Однако многие взаимодействия между компонентами реакции и нуклеиновыми кислотами, содержащими мишень, также обозначаются как «ингибиторы ПЦР».Как только целостность клетки нарушается при выделении и высвобождается нуклеиновая кислота, может происходить взаимодействие между образцом, окружающим его раствором и твердой фазой.Например, «поглотители» могут связываться с одноцепочечной или двухцепочечной ДНК посредством нековалентных взаимодействий и мешать выделению и очистке, уменьшая количество мишеней, которые в конечном итоге достигают реакционного сосуда для ПЦР.
В целом ингибиторы ПЦР присутствуют в большинстве биологических жидкостей и реагентов, используемых для клинических диагностических тестов (мочевина в моче, гемоглобин и гепарин в крови), пищевых добавках (органические компоненты, гликоген, жир, ионы Са2+) и компонентах окружающей среды (фенолы). , тяжелые металлы)

Более распространенные ингибиторы ПЦР можно найти в бактериях и эукариотических клетках, нецелевой ДНК, ДНК-связывающих макромолекулах тканевых матриц и лабораторном оборудовании, таком как перчатки и пластмассы.Очистка нуклеиновых кислот во время или после экстракции является предпочтительным методом удаления ингибиторов ПЦР.
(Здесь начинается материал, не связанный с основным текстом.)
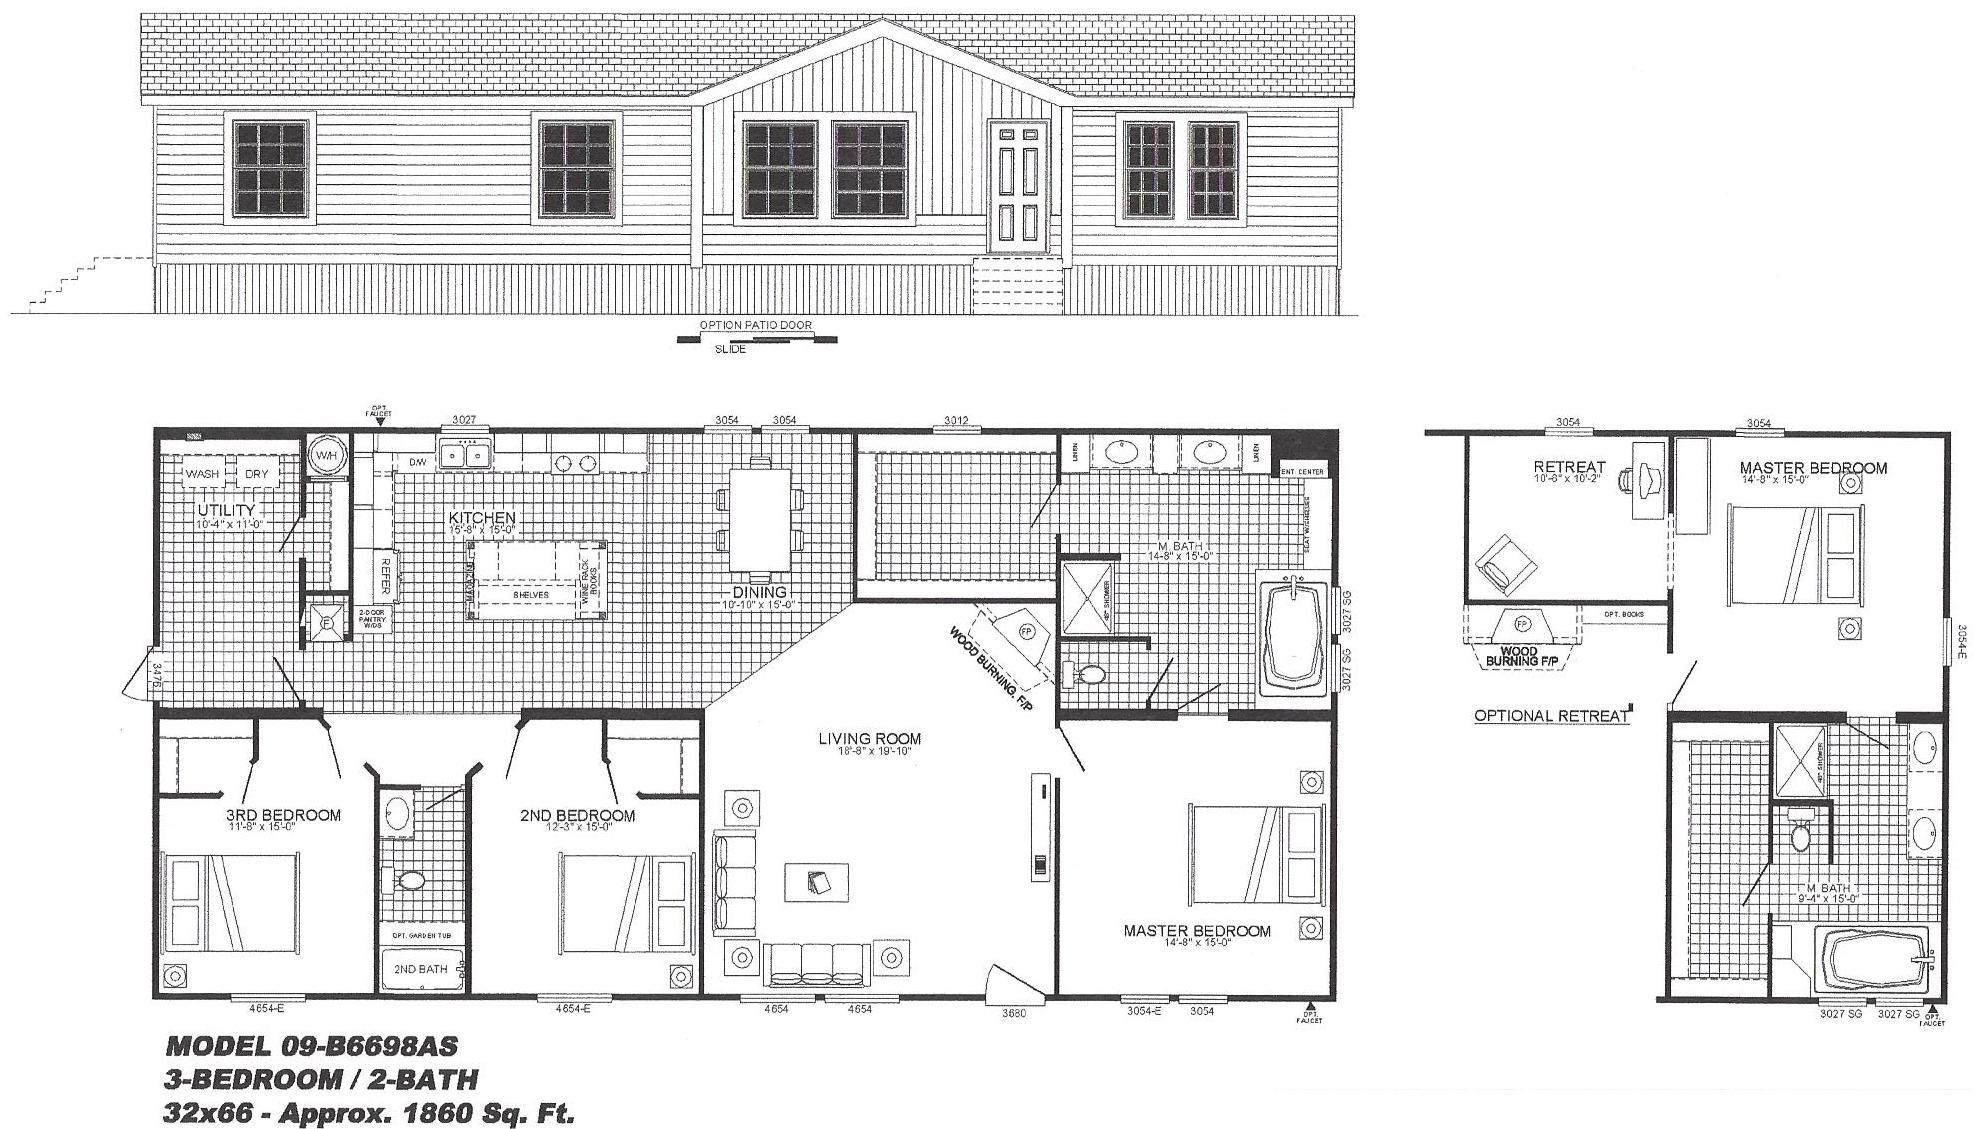 3 bedroom floor plan the graff b 6698 hawks homes 3 bedroom modular home floor plans

Сегодня различное автоматизированное оборудование для экстракции может заменить многие ручные протоколы, но 100% извлечение и/или очистка мишеней никогда не были достигнуты.Потенциальные ингибиторы могут все еще присутствовать в очищенных нуклеиновых кислотах или могут уже действовать.Существуют различные стратегии снижения воздействия ингибиторов.Выбор подходящей полимеразы может оказать существенное влияние на активность ингибитора.Другими проверенными методами снижения ингибирования ПЦР являются увеличение концентрации полимеразы или применение добавок, таких как BSA.
Ингибирование реакций ПЦР можно продемонстрировать с помощью внутреннего контроля качества процесса (IPC).
Необходимо тщательно удалить все реагенты и другие растворы в наборе для экстракции, такие как этанол, ЭДТА, ЦЕТАБ, LiCl, GuSCN, SDS, изопропанол и фенол, из изолята нуклеиновой кислоты путем тщательной промывки.В зависимости от их концентрации они могут активировать или ингибировать ПЦР.